Stepping back outside from the attempt to make narrative meaning, one member of group suggested that perhaps Lynch is telling a story about what happens when you repress your shadow. The deep, dark, evil that lurks in all of us, something that would drive us to kill our spouse and behave as if we haven’t. A thing we can repress, in the way that say a murderer can kill his wife and the next day be golfing as if nothing happened. Is Robert Blake’s Mystery Man then the imp that brings out the darkness? (Let’s leave aside the real story of Robert Blake and it’s grisly connection here.)
This idea, that it’s a story about the evil inside and the ability to live on as if it didn’t happen, and if you follow that logic and believe that Fred is also Pete and in the Pete story all of the characters are part of Fred’s inner dream life, then you can squint and see logic forming. Which is not exactly what Lynch wants, but it’s the tantalizing thing, the question of what is it all about that surfaces until we push it back down and quiet it.
Which is why it’s important to inject an analysis of movie viewing when talking about Lynch and what we can learn from that in watching movies made by other filmmakers. Some filmmakers lead you straight to the meaning, as clear as a shopping list. And others force you to let go, as Sergei Parajanov does in The Color of Pomegranates (1969, QFS No. 130) and as Lynch had done throughout his life as a filmmaker. Letting go is probably useful in watching any movie, but particularly essentially for Lynch and others including Parajanov.

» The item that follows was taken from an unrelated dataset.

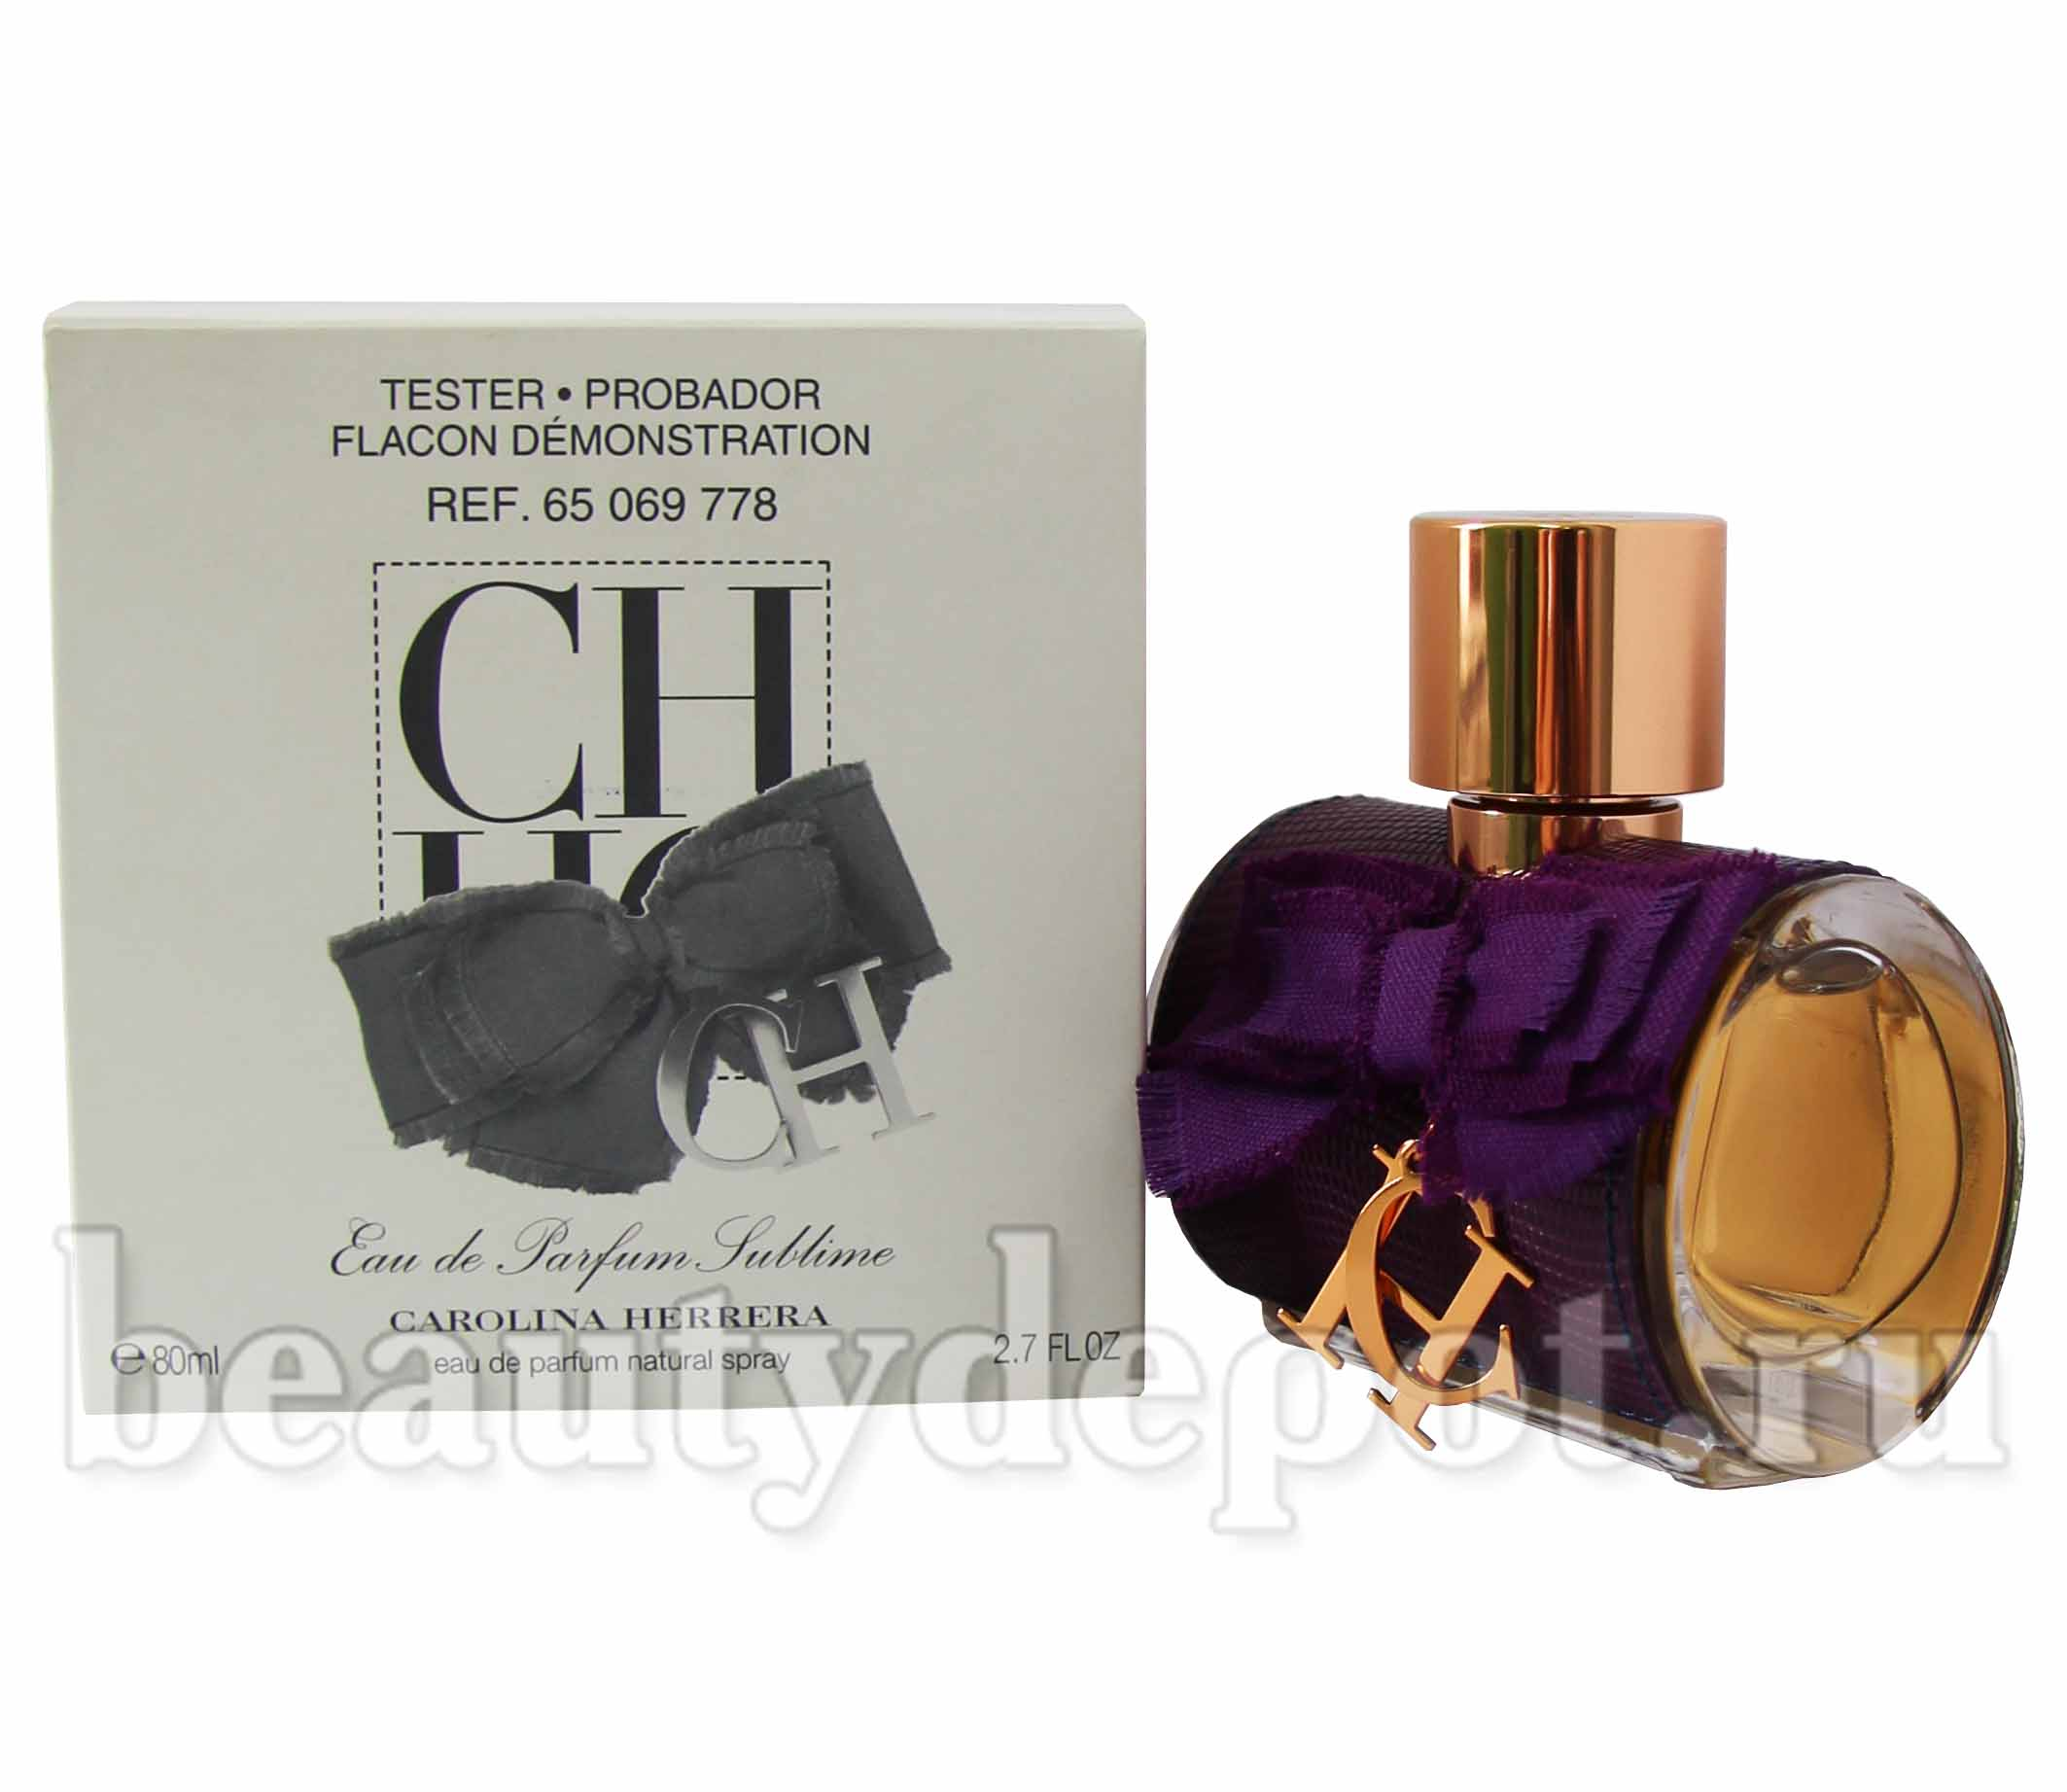 Ch Eau De Parfum Sublime Carolina Herrera For Women Edp 80ml 22250

And yet, Lynch does this all without coming across as condescending in a way many artistic filmmakers tend to. This notion that you’re too obtuse if you don’t get it like the smart ones among us. Lynch doesn’t come across that way in his work. The haunting imagery, the unclear connections, the inky darkness of night, the playful naivete of many characters - crucially the playfulness, which takes the edge off of any feeling of snobbery, is perhaps the director’s masterstroke in these complex dreamscapes he creates.
Lost Highway contains it all, as do Eraserhead and Blue Velvet (1986) and Mulholland Drive (2000). Lynch’s work just stands as it is, forcing you to observe and take away from it what you will. To surrender.